Dataset extract »
-*-
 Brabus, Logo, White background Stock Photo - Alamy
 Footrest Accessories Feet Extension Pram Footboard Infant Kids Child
-*-
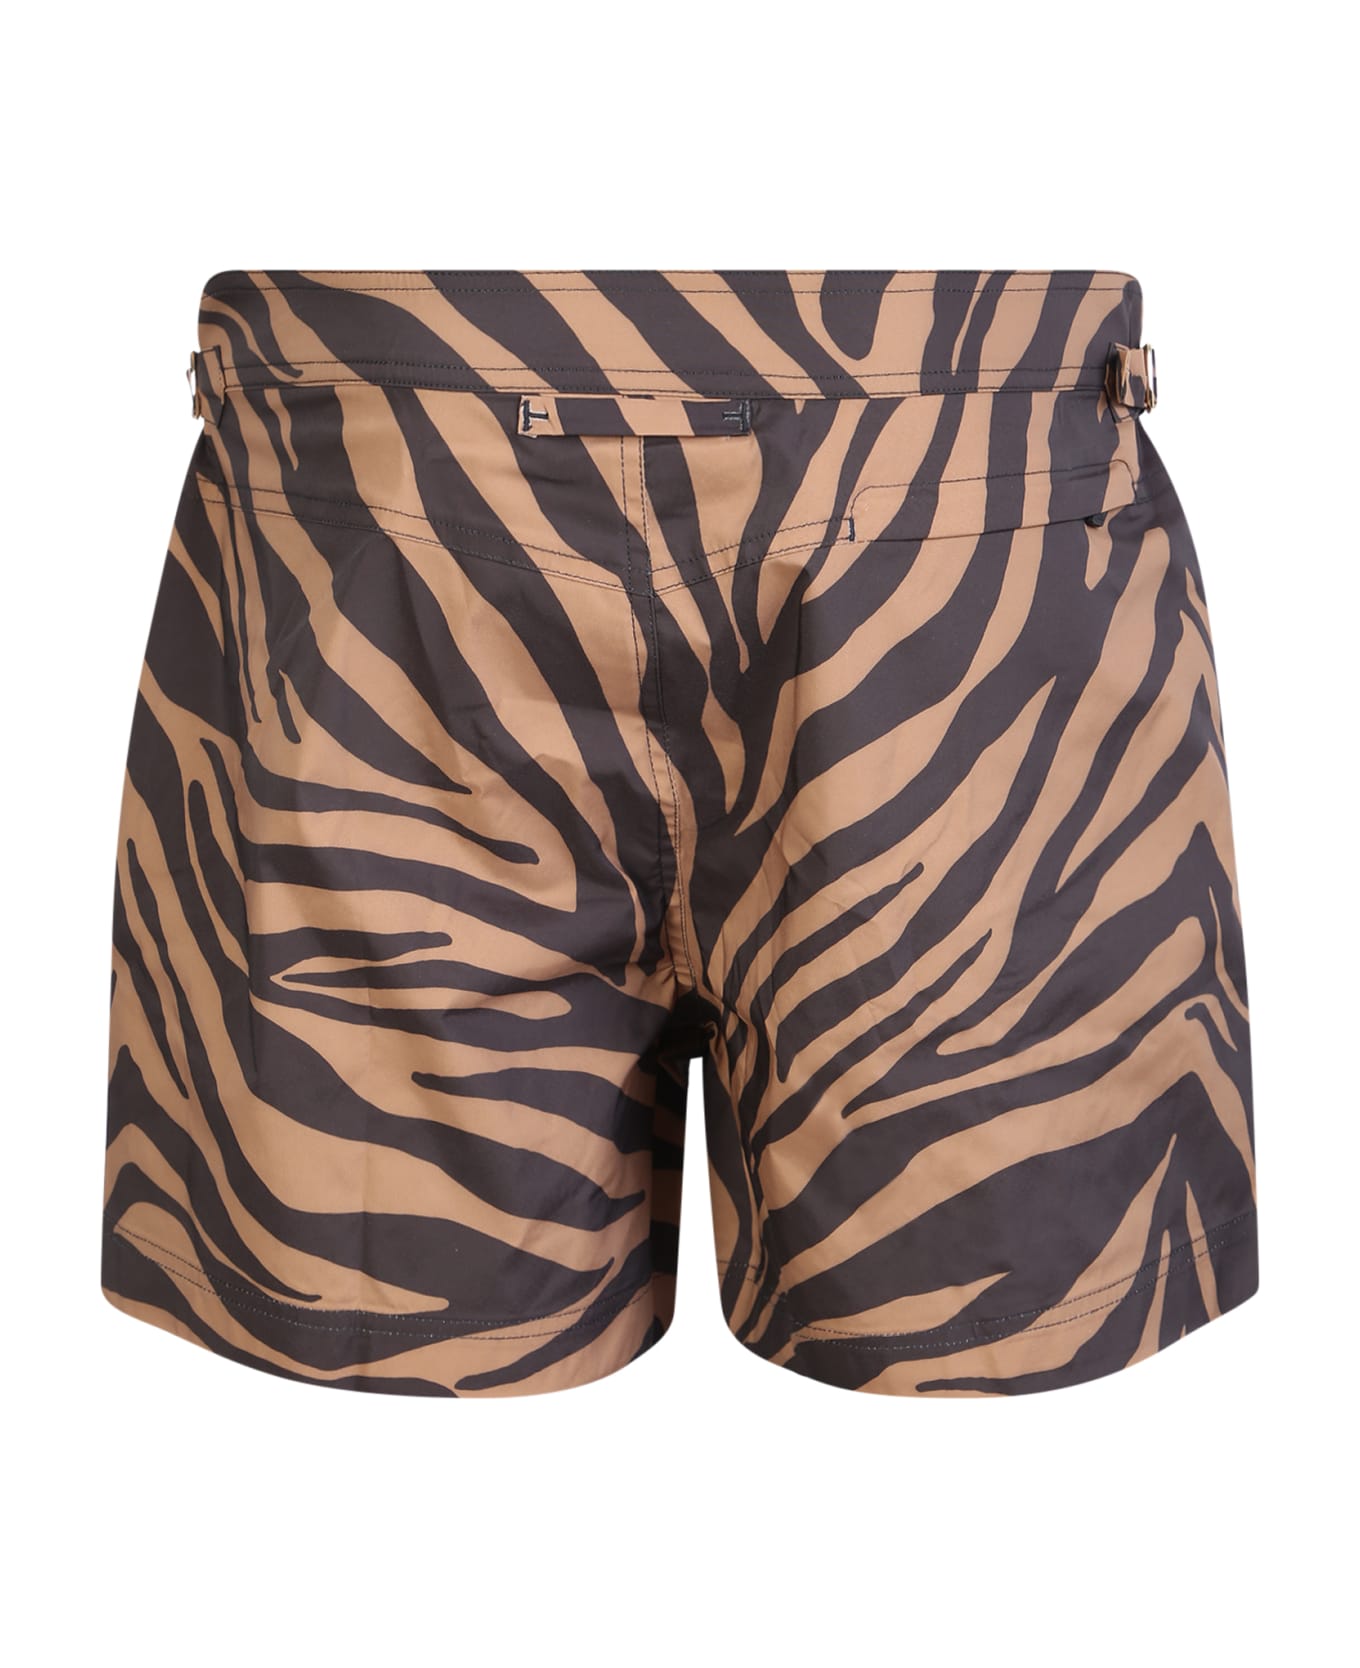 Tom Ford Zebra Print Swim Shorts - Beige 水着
-*-
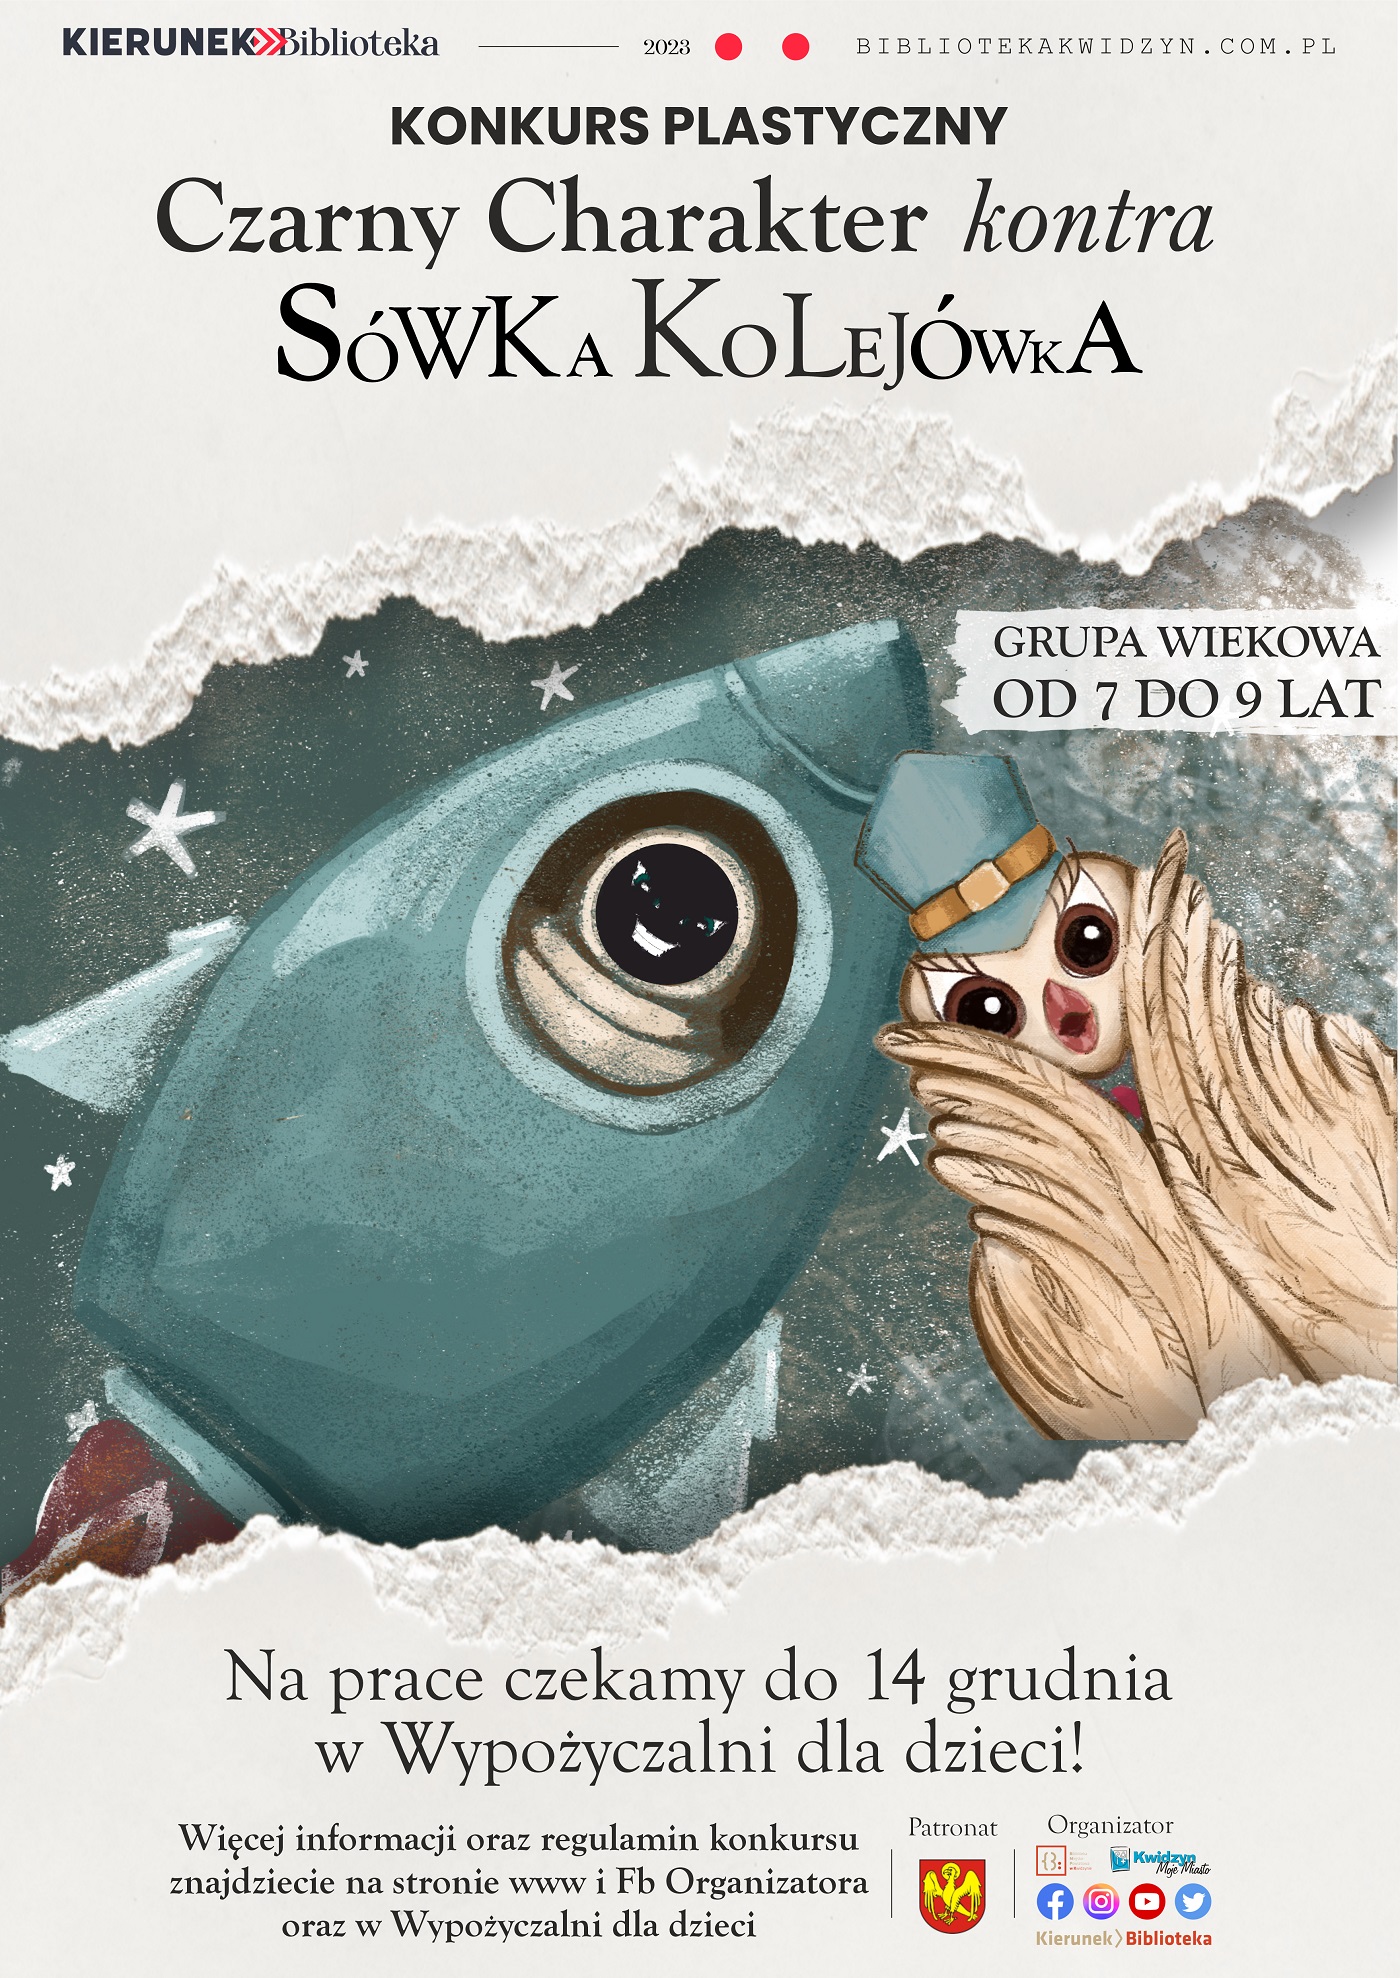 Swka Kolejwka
-*-
The problem »
Output only an exact transcription of the lines above from the one with "Brabus, Logo, White" up to and including the one with "Footrest Accessories Feet".

Exercise output »
 Brabus, Logo, White background Stock Photo - Alamy
 Footrest Accessories Feet Extension Pram Footboard Infant Kids Child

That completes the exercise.